Esta mierda me supera nos muestra un más allá dentro de la ciencia ficción y recaba en la importancia de la salud mental

Alba Blanco

Para Charles Forsman, hablar de la ansiedad adolescente es algo que ya tiene más que controlado. Creador de la novela gráfica que inspiró a la serie de Netflix, The End Of The Fucking World, nos muestra en Esta mierda me supera una reflexión acerca de la ansiedad y la importancia de tener una buena salud mental.

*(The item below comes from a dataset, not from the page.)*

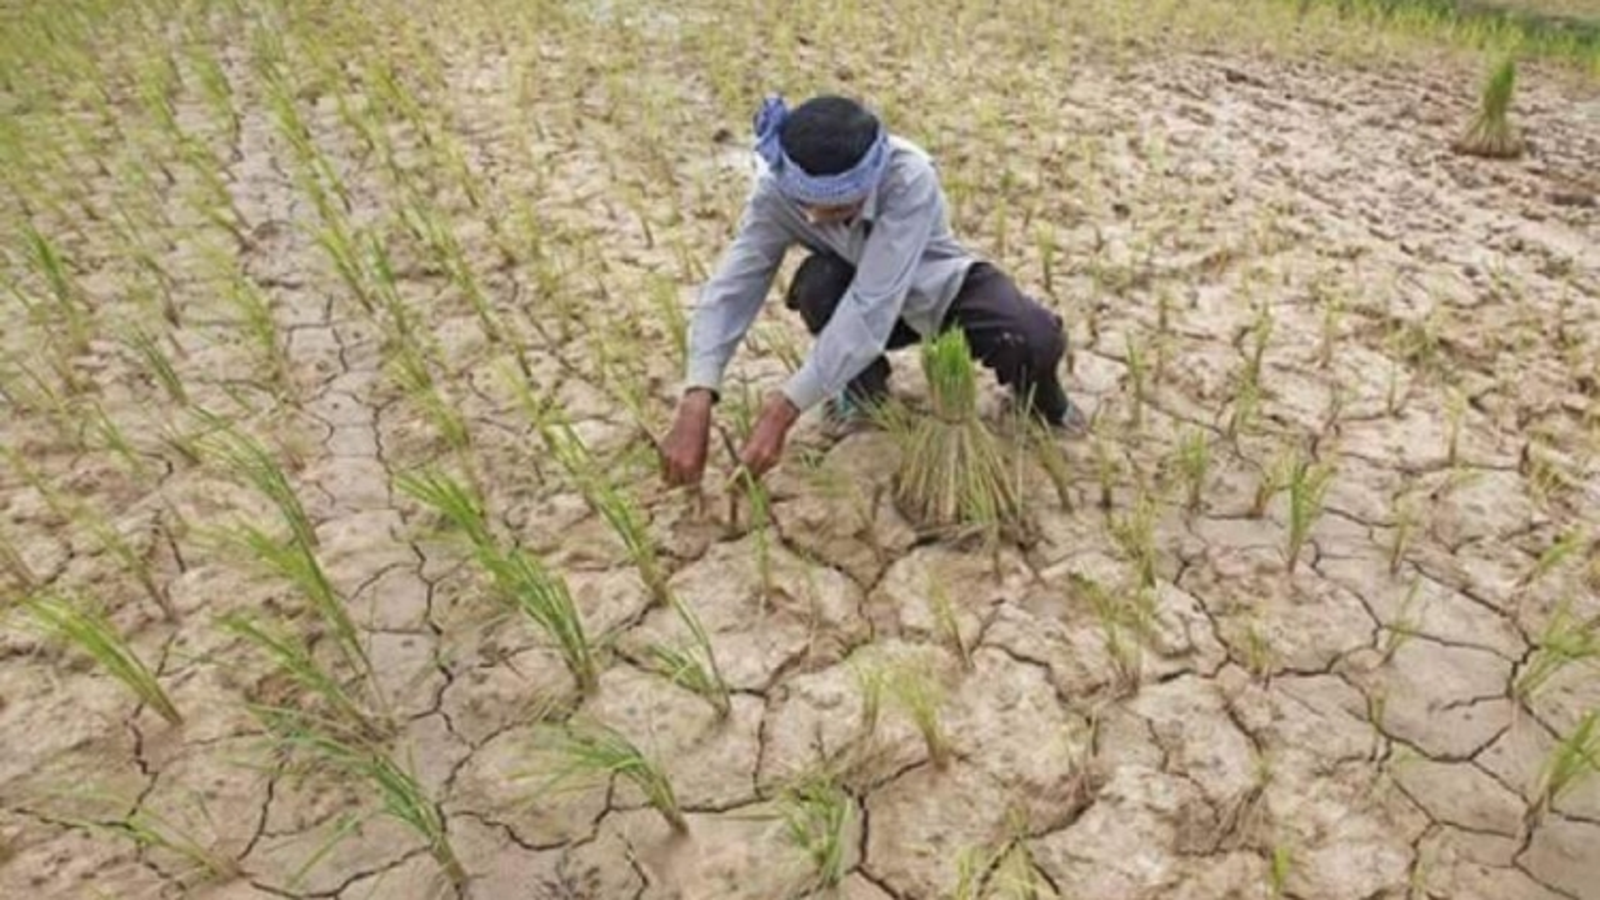 Campuchia cảnh báo thiếu nước dùng trong năm 2021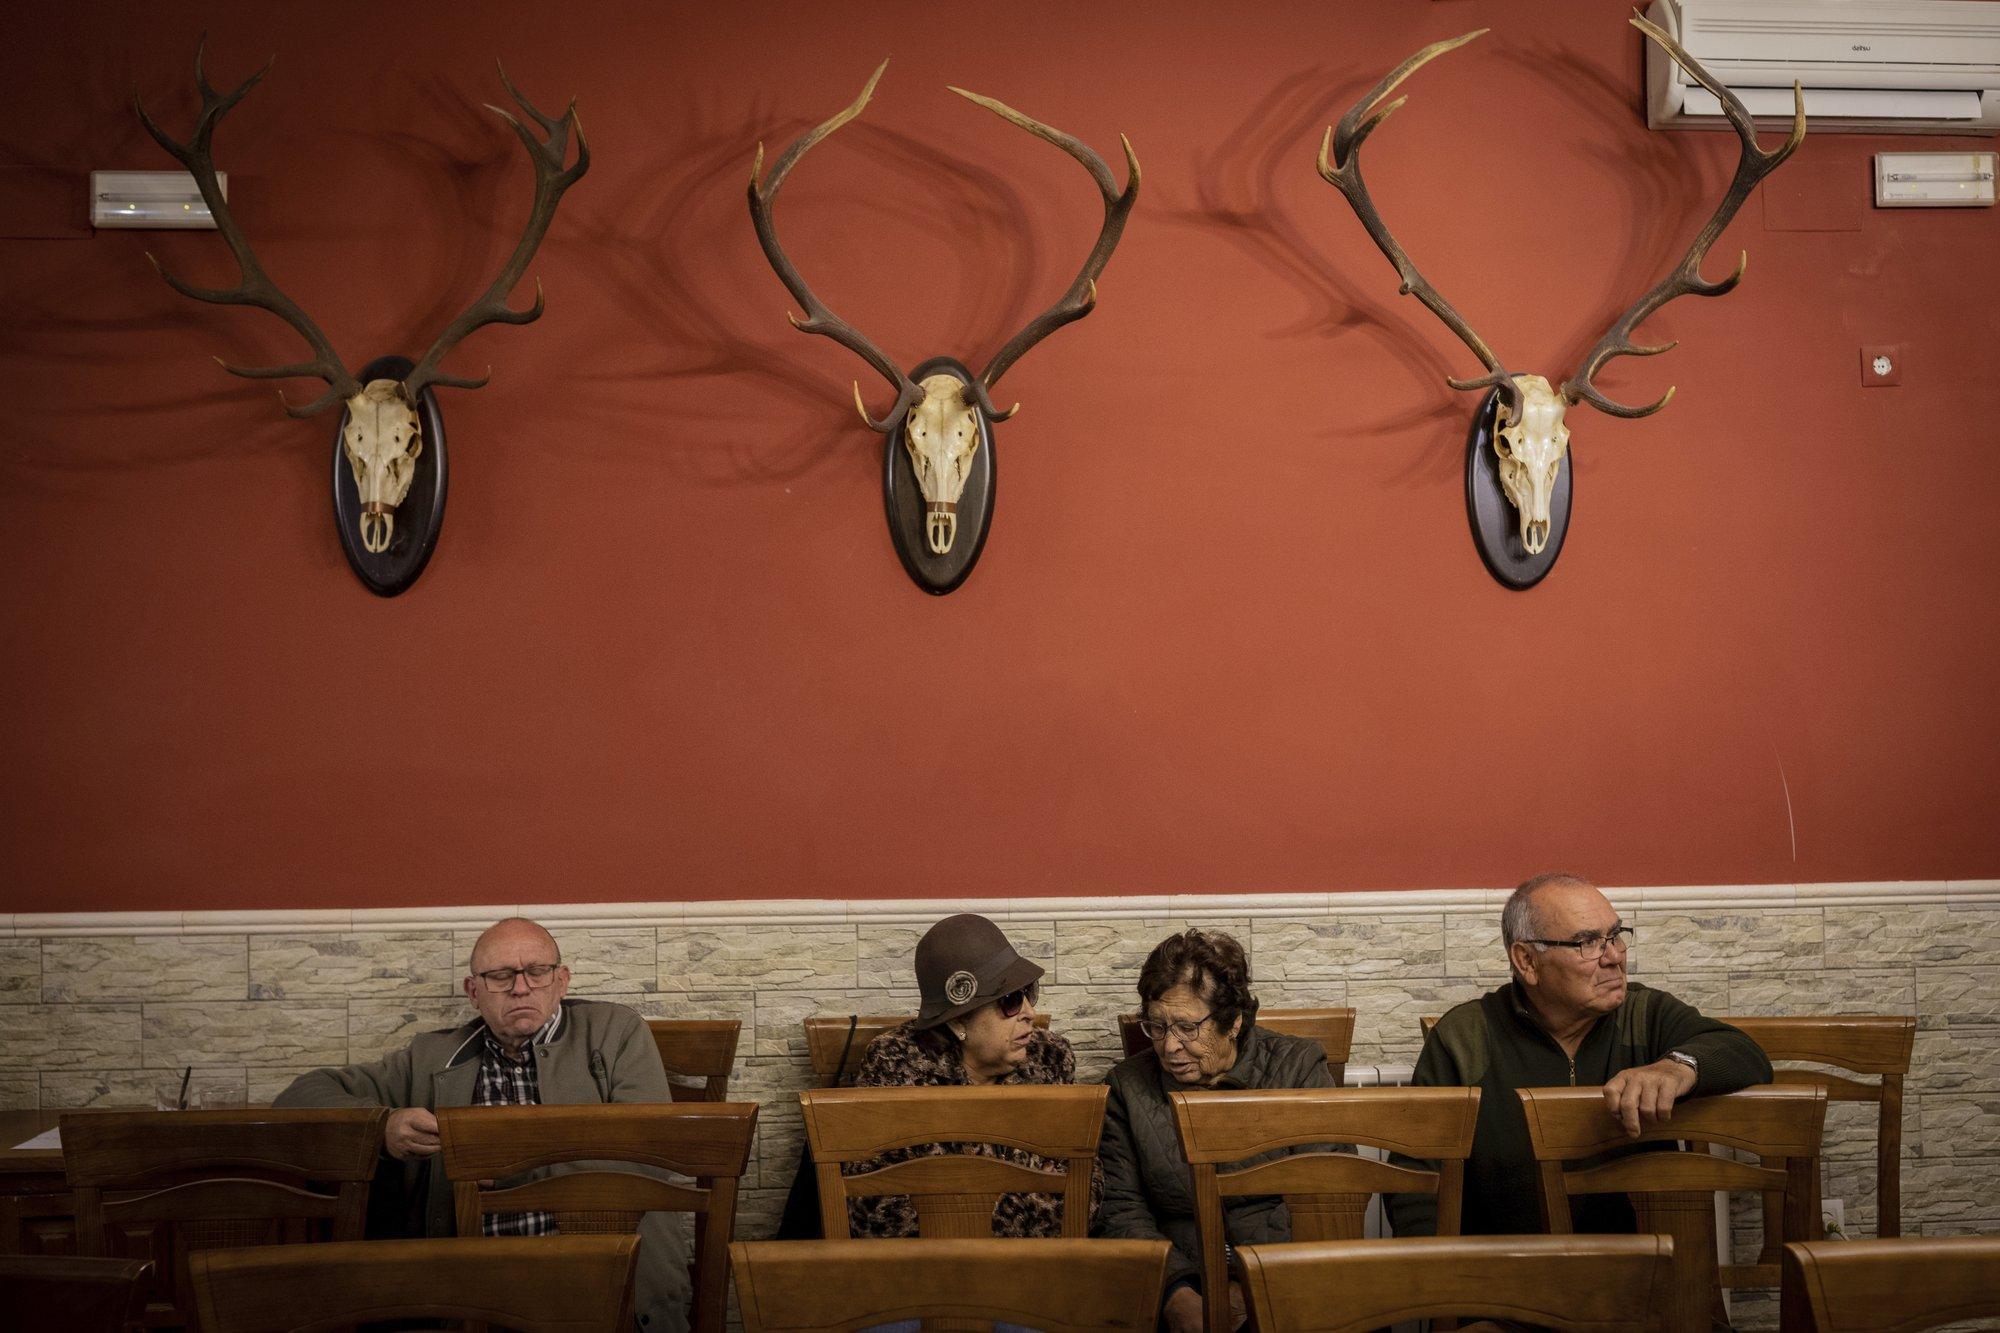 Spain's rural regions become fierce battleground for votes

La historia parte de una premisa sencilla: Syd (Sophia Lillis) sufre episodios de estrés tras la muerte de su padre y una no muy buena relación con su madre y con su ambiente escolar. Hasta aquí todo entendible. Sin embargo, todo se complica cuando descubrimos que la protagonista tiene poderes telepáticos (cortesía de los productores de Stranger Things). Si a todo esto le añadimos el principio del primer capítulo, que comienza a modo de prólogo, con una Syd ensangrentada a lo Carrie, la tensión está asegurada desde el minuto uno.

Syd (Sophia Lillis) en el arranque de la serie

La serie, que cuenta con un reparto muy acertado, se desarrolla en siete episodios, de unos veinte minutos de duración aproximadamente, que permiten un buen maratón de visualizado. A esto le añadimos la gran conexión entre sus personajes, como la innegable entre Sophia Lillis y Wyatt Oleff (ambos trabajaron juntos en I.T).

Esta mierda me supera adentra al espectador en el universo de la ciencia ficción, pero desde una óptica algo caótica y compleja. La de la mente dañada de una joven adolescente que ha pasado por demasiados traumas. Su forma de sobrellevar las situaciones que se le aparecen (que no son pocas) dependen del daño que pueda causar con sus poderes. Algo que muestra que no solo ella tiene la capacidad de controlar sus nervios, sino que también los que le rodean tienen un importante papel.

Si eres fan de la ciencia ficción, edulcorada con dramas adolescentes, que trata temas importantes desde el más puro humor negro… Esta serie es para ti.